 Respeaking is a quick writing technique to transcribe, reformulate or translate an oral text while it is pronounced thanks to the ASR (automatic speech recognition) technology. The ASR technology transforms everything the respeaker dictates to the microphone into written words. This technology offers a wide range of applications: from real-time intralingual and interlingual subtitling of television, cinema and radio products to the transcription of university lectures and conferences as well as the minuting of criminal trials, town council meetings and board meetings.

 The respeaking technique is different from any other subtitling technique because it is based on the respeaker’s oral production of a mid-text (MT) which will then be transcribed by the TAL software (Automatic Language Treatment). The respeaker listens and looks at the source text (ST), reformulates it, translates it or repeats it orally, thus creating a MT1 for the machine, which, by means of suitable software, processes and transforms the vocal input into electronic subtitles (MT2) which shall then be verified, corrected if necessary and transmitted to the TV screens (TT). There is obviously a slight drawback: 2 seconds (with no correction) to 8 seconds are necessary for the respeaker to perceive, receive and understand the ST, to mentally process it so as to produce the MT1, for the human-machine interaction, for the transmission from one software to the other, for the control and, if necessary, correction of the transcription and for the actual transmission of the subtitles, thus causing a delay between the production of the ST and the display of the relevant subtitles.

 From a practical point of view, respeaking follows this process: 



 The respeaker usually works in soundproof booths and must be ready to subtitle any kind of program, with different speeds of speech and different technical terminology. If the program to be subtitled lasts longer than a working turn (from 15 to 40 minutes, depending on the respeaker’s experience and on the type of program) or is particularly complicated (discussions, parliamentary debates, etc.), two respeakers work together taking turns or ‘dividing’ the speakers. Thanks to modern technology, the respeaker has no need to be present where the program is shot and can even work from home.

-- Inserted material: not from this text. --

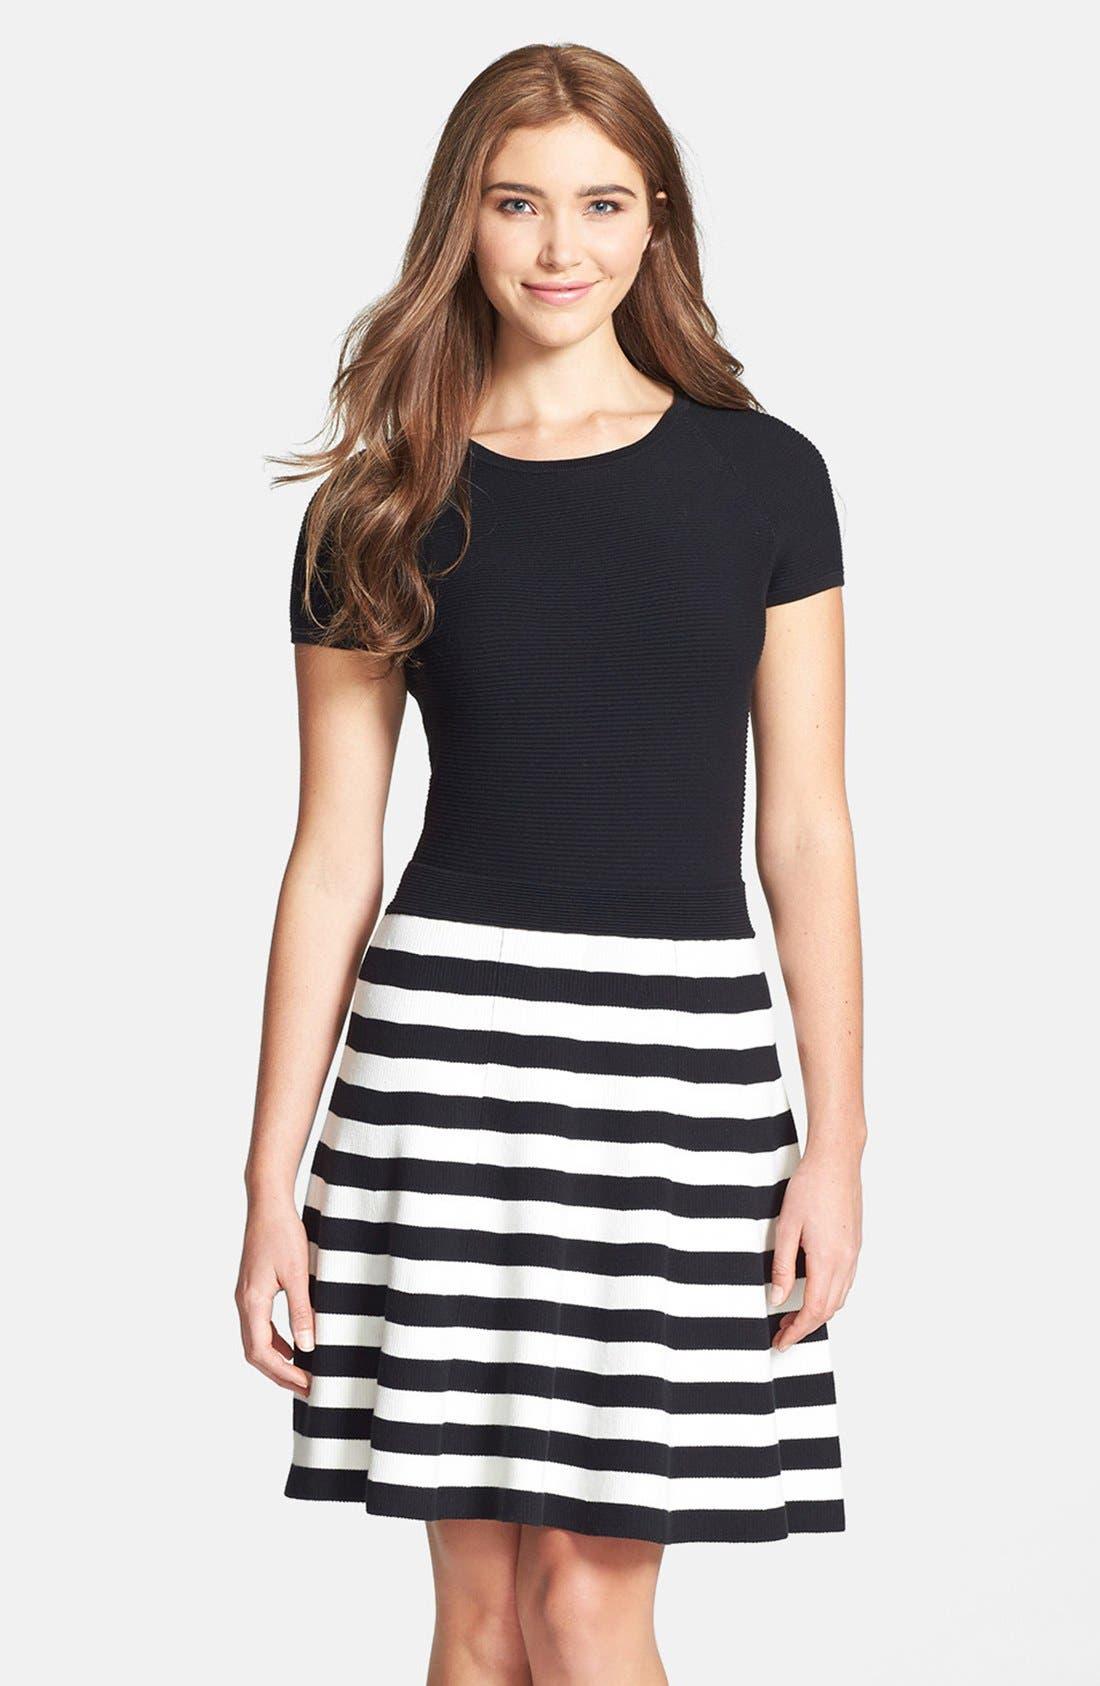 Alternate Image 1 Selected - Trina Turk 'Cosumel' Cotton & Modal Dress

 From a psycho-cognitive perspective, respeaking requires deep concentration, the ability to work under stress and the right amount of resolution not to give up in front of results which are inevitably imperfect. The respeaker has to carry out various activities at the same time:

  • continuously monitor the video to check that the delayed display of subtitles does not affect the communicative efficacy of the TT. If this is the case, special strategies, such as clarification, shall be used;
  • listen to the audio and understand a text s/he’s never heard before (in some cases the respeaker can see the program in advance, but there is no time to prepare pre-recorded subtitles) and which is not always predictable;
  • dictate to the machine a clear and recognizable MT1 resulting from the reformulation, repetition or translation of the ST, while bearing in mind that the TT shall be fully comprehensible to the audience and possibly contain no mistake;
  • check and, if necessary, correct the MT2 before transmitting it (this is not necessary if the respeaker works with an editor or if the subtitling company immediately broadcasts the subtitles the way they are recognized by the machine);
  • transmit the subtitles (not necessary if there is an editor or if the option ‘automatic transmission’ is selected).

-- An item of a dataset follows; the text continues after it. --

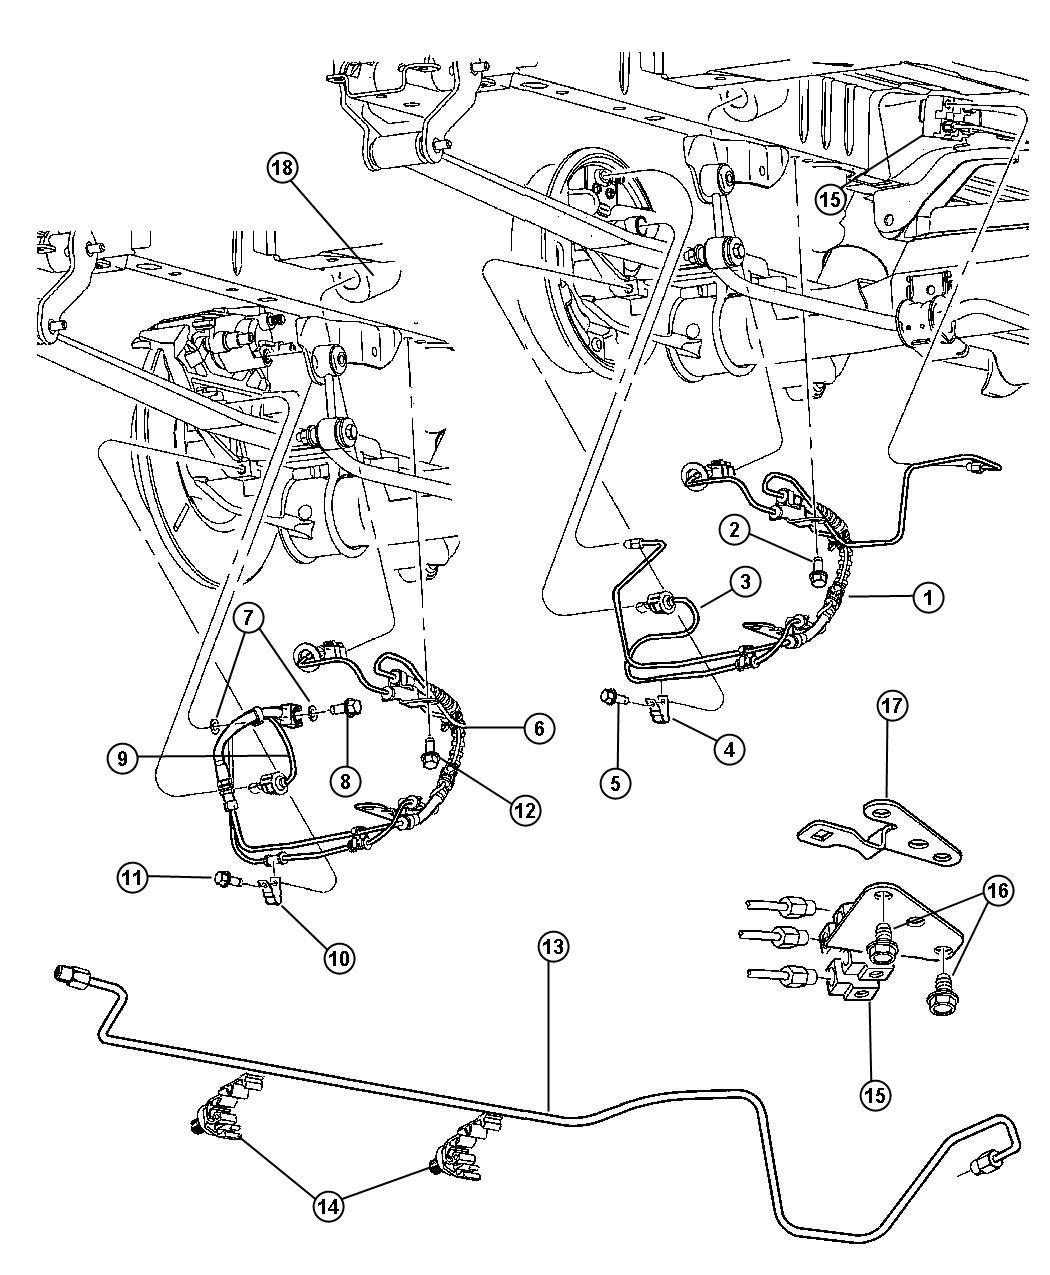 Dodge Caravan Lines and Hoses, Rear Brakes

 More in detail, the respeaker’s psycho-cognitive efforts comprise the following:

- the immediate conversion of an oral text into one which will be written: time constraints and the requests of the deaf associations advocate verbatim subtitles (for intralingual subtitling). However, the conversion from oral to written inevitably entails an adjustment of the text, for which the above listed tactics shall be taken into account to generate the desired final product. All this shall be done while listening to the original speech, monitoring the video and observing the processing limits of the machine to avoid a system overload;

- good use of the software and of the peripheral devices (microphone, earphones, keyboard in case the text shall be corrected, etc.);

- the regulation of one’s voice volume and pitch, a good pronunciation, clear and precise articulation and enunciation of words, the use of short pauses, etc., to ensure a good human-machine interaction;

- the use of easily recognizable terms and the pre-editing of mistakes which could occur due to limitations of the software (homonyms, homophones, similar and/or unknown words, etc.);

- the ability to cope with the stress and frustration due to mistakes made and/or to poor solutions found;

- the coordination with other professionals, such as the editor or other respeakers with whom one works in turns;

- in interlingual respeaking, the transfer between different languages and cultures.

 If these routine activities were accompanied by the continuous verification of the transcribed text, the post-editing correction of mistakes, the manual transmission of subtitles and the check of the final product, the psycho-cognitive stress would be huge and would increase the number of mistakes made by the respeaker. The more mistakes are made, the bigger the stress and frustration due to the poor results achieved; this affects concentration, causing even more mistakes. This is why the presence of an editor is deemed necessary.